What is Forward Search
Wrapper method: create n models, one feature each, select best one. Create n-1 models, adding one feature, select best one, proceed until you have m features
What is recursive feature elimination
Wrapper method: create n-1 models, with n-1 features each, select best, create n-2 models, removing one feature, select best one, proceed until you have removed m features
What is a Decision Tree
Embedded method: Splits the data into a tree. Can split by Gini impurity coefficient (measures how pure a node is), information gain, and variance reduction
What is feature extraction
Linear and nonlinear methods. Extract useful combinations of features in the data
What is PCA
Linear method of feature extraction
Find an orthogonal coordinate transformation (rotation, rotation+reflection) such that every new coordinate is maximally informative
How does PCA work
Flip points so that each coordinate is maximally informative and orthogonal to each other.
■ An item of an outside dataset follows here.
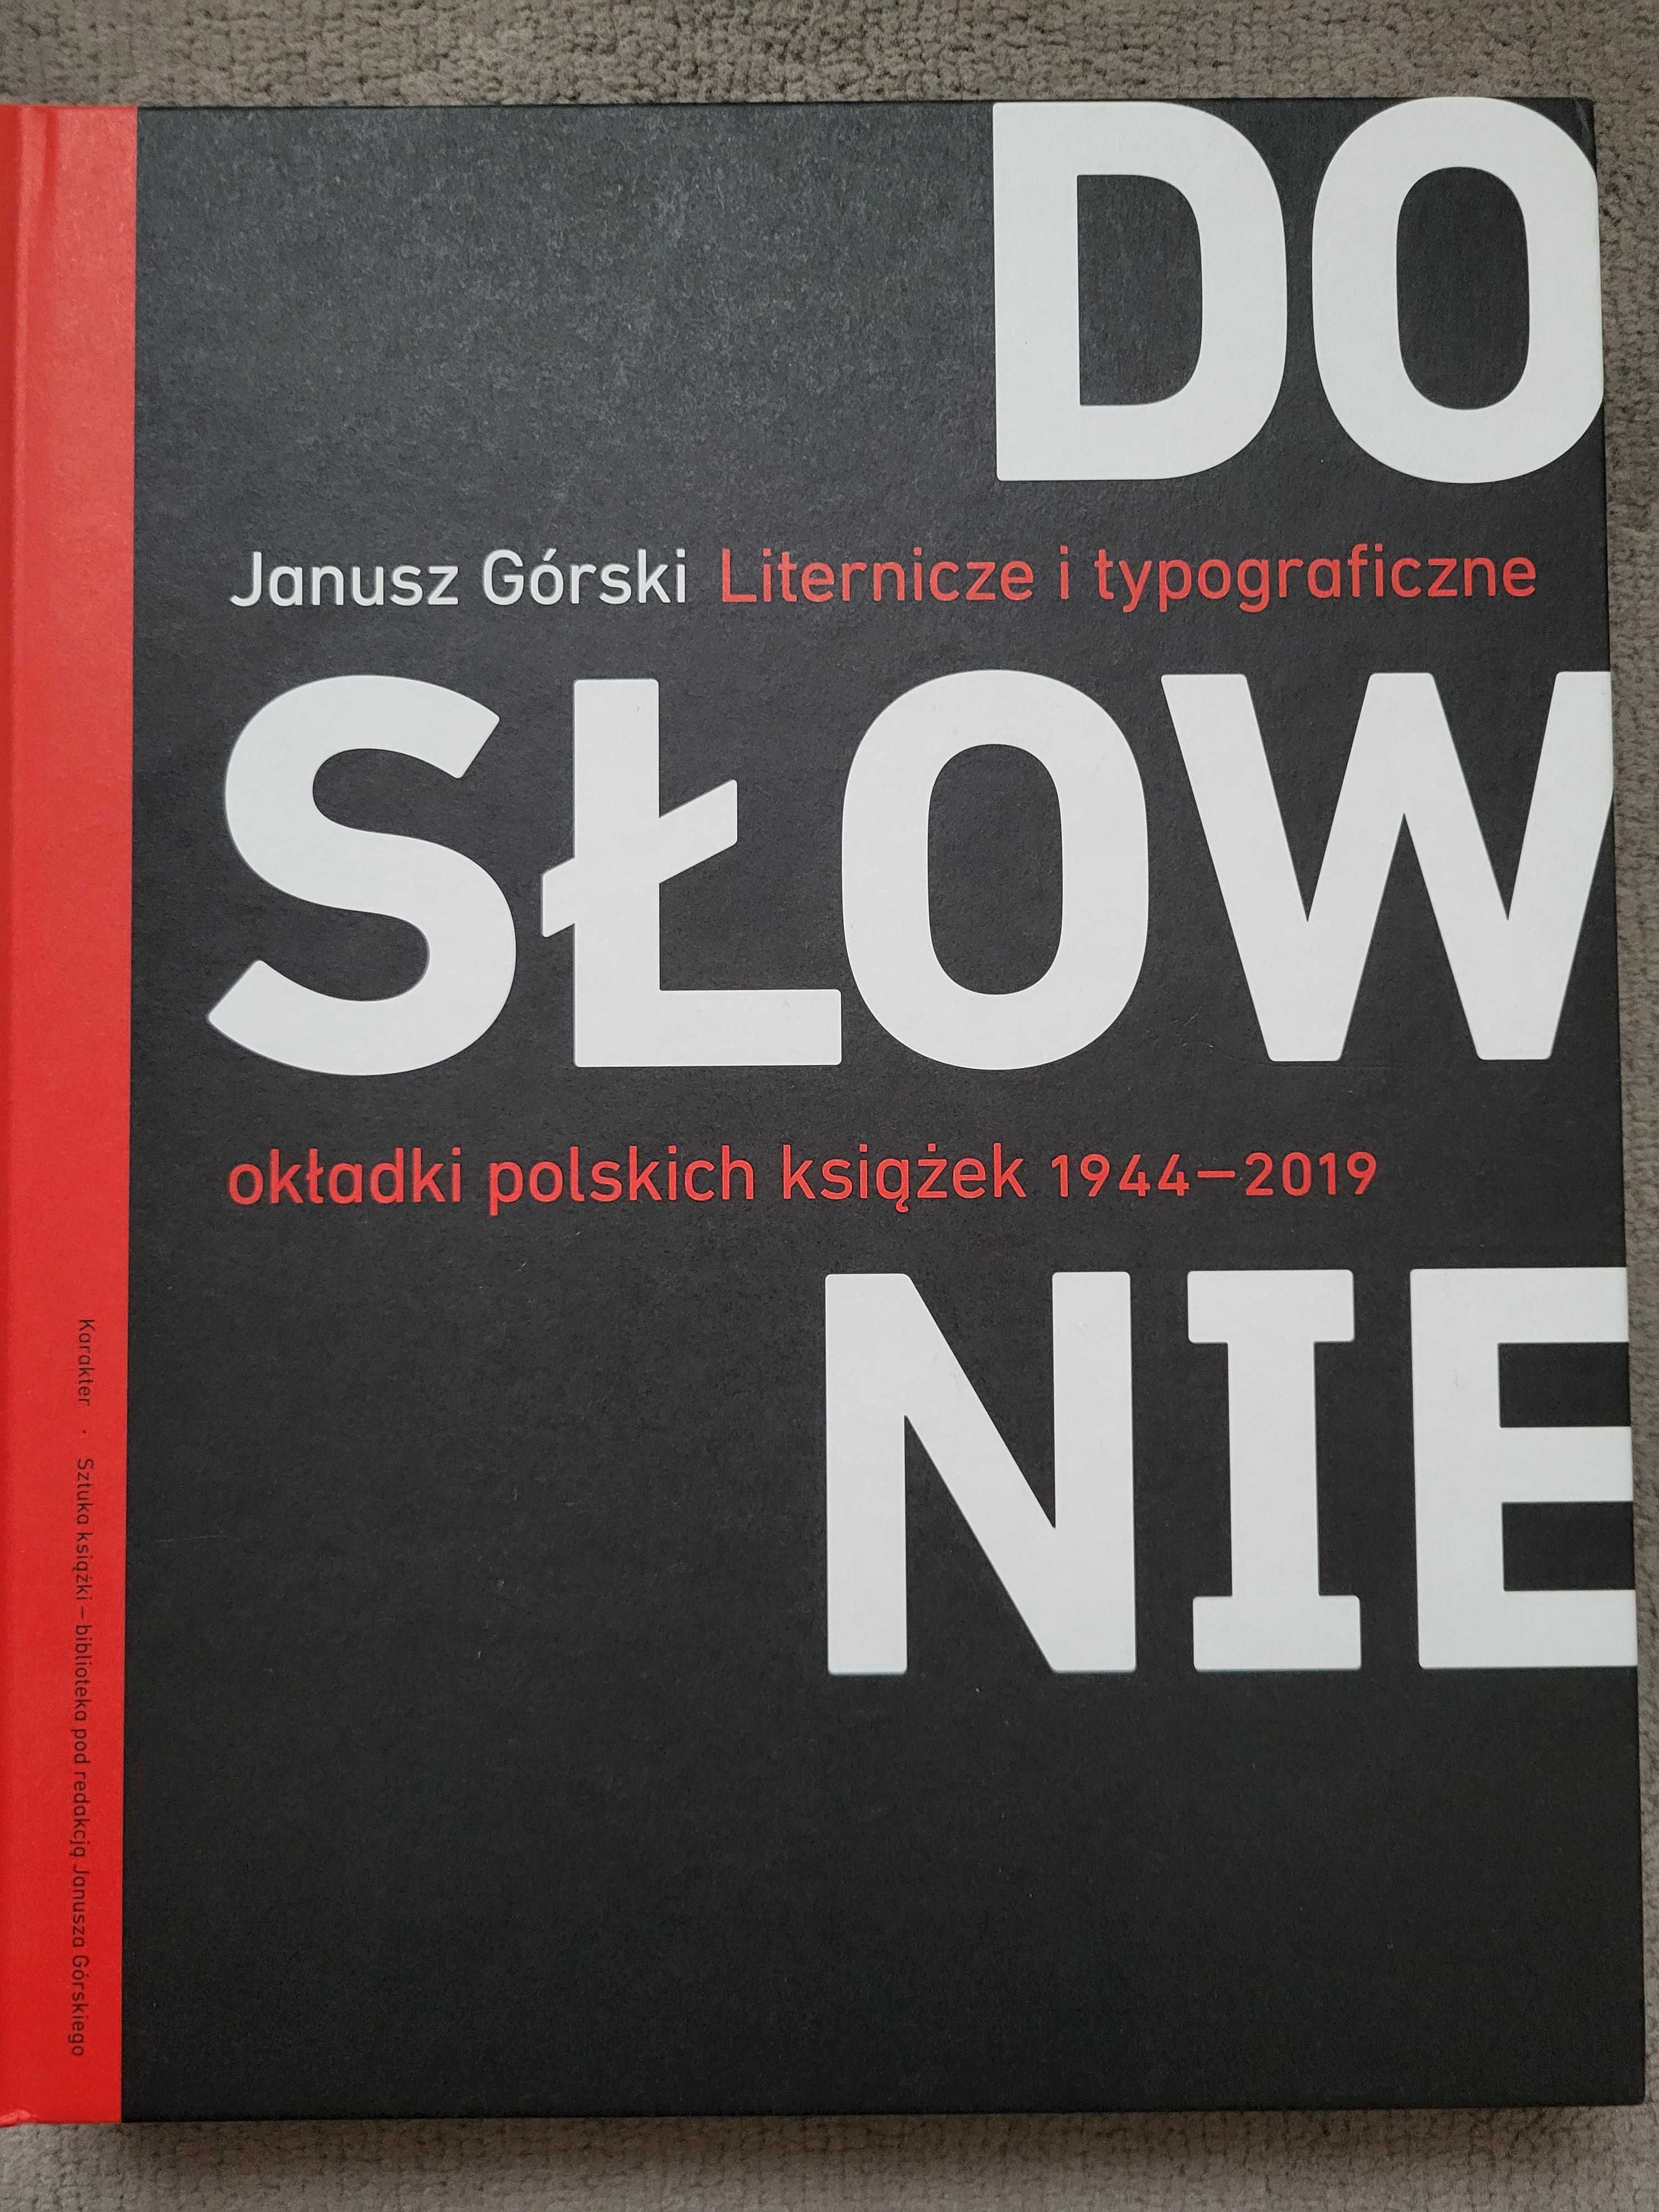 Dosłownie. Liternicze i typograficzne okładki polskich książek...

Imagine rotating cube, we take a slice where x and y describes most of the data (z a little bit)
What are the new variables from PCA called
Principle components, and they are linear combinations of the original coordinates.
yi are uncorrelated, and are ordered by the fraction of the total variation each retains. PC1 (y1) is most informative, then PC2 etc.
When does PCA work best vs worst
BEST: high correlation between features
WORST: all variables are equally important and uncorrelated. PCA is uninformative.
PCA input and output
Input high dimensional data
Output low dimensional data
What is t-SNE
non-linear dimensionality reduction
Take the distribution of distances between N points in the dataset.
Scatter N points in 2 or 3 dimensions randomly
Move those N points around until the distribution of distances between them resembles D.
Why t-SNE
Very useful for visualising high-D data
What is UMAP
Similar to tSNE, only slightly different in every step
Runs faster uses less memory
No problem embedding into >3 dimensions
Can preserve both local and global structure.
Problems with t-SNE and UMAP
Both depend a lot on their hyperparameters
Cluster sizes and distances between clusters means nothing
X and y axes are basically impossible to interpret.